- Created by: Franklin Heller
- Written by: Charles MacArthur (play) Ben Hecht (play) Alvin Saplinsley
- Starring: John Daly Mark Roberts Richard Boone Curt Conway Janet Shaw
- Country of origin: United States
- No. of seasons: 1
- No. of episodes: 18

Production
- Running time: 30 minutes

Original release
- Network: CBS Television
- Release: September 29, 1949 – January 26, 1950

= The Front Page (TV series) =

American newspaper drama TV series (1949–1950)

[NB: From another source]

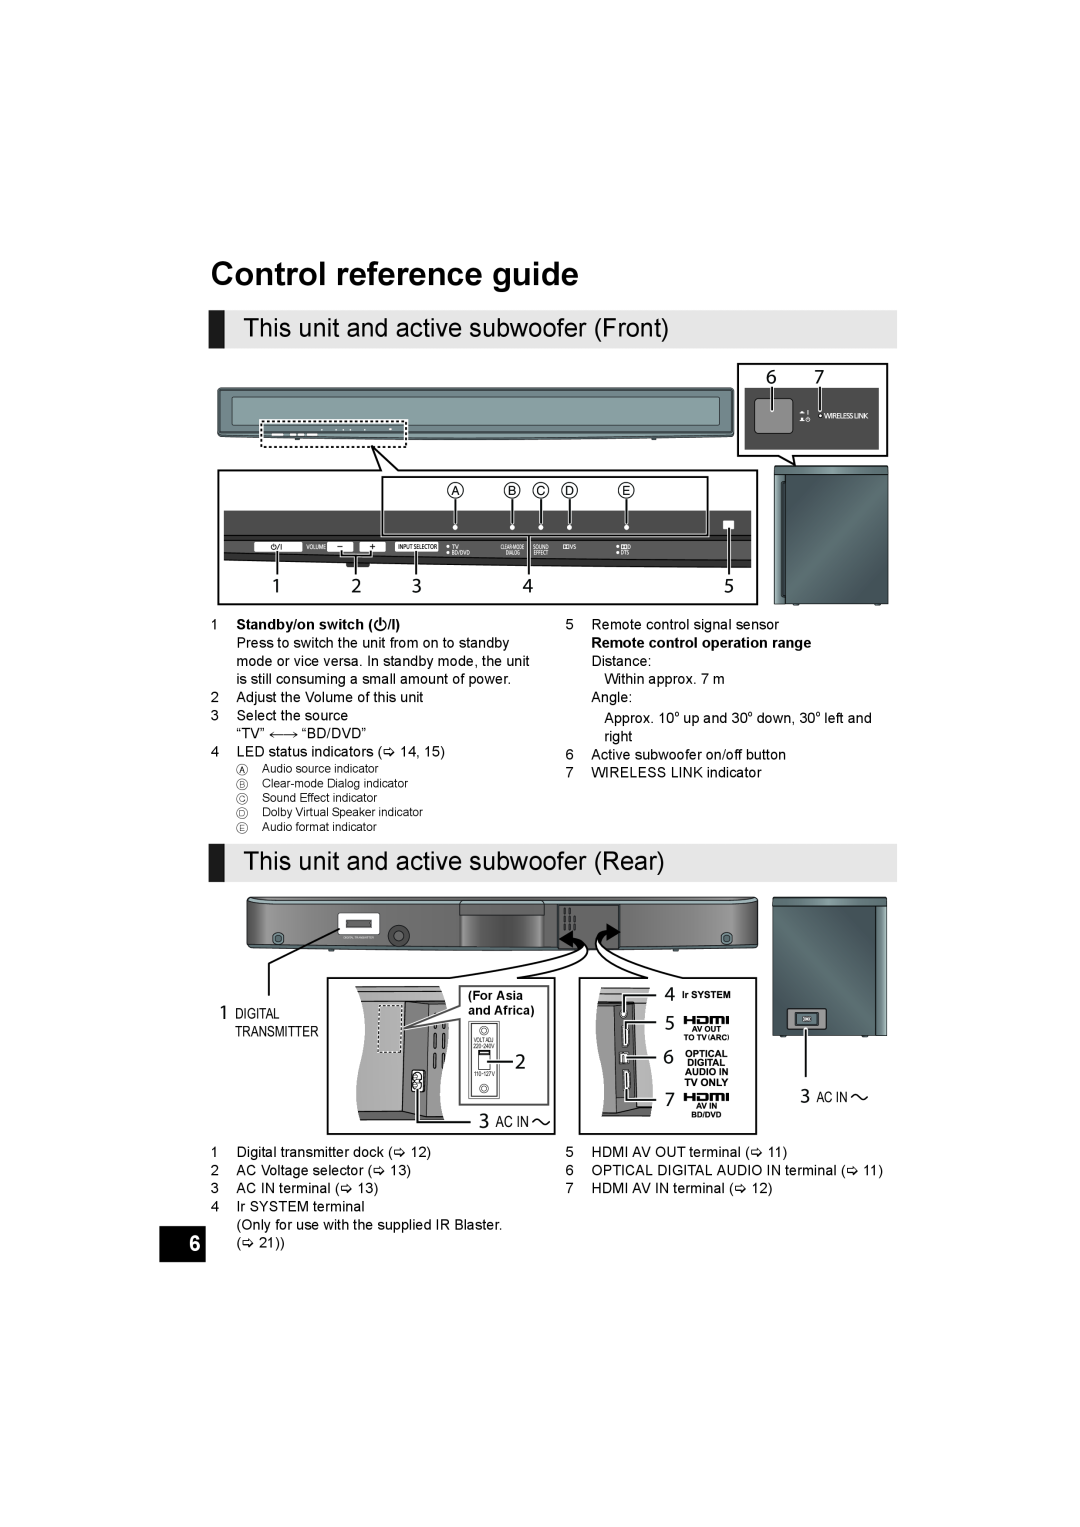 Panasonic SC-HTB500 Control reference guide, This unit and active subwoofer Front, This unit and active subwoofer Rear

The Front Page is an American newspaper drama television series, broadcast on CBS beginning September 29, 1949, and ending on January 26, 1950. The stars were John Daly and Mark Roberts, with Richard Boone, Curt Conway and Janet Shaw. The live 30-minute show, based on the 1928 play The Front Page by Charles MacArthur and Ben Hecht, aired Thursdays at 8pm ET.

==Premise==
The series revolved around editor Walter Burns and his star reporter Hildy Johnson.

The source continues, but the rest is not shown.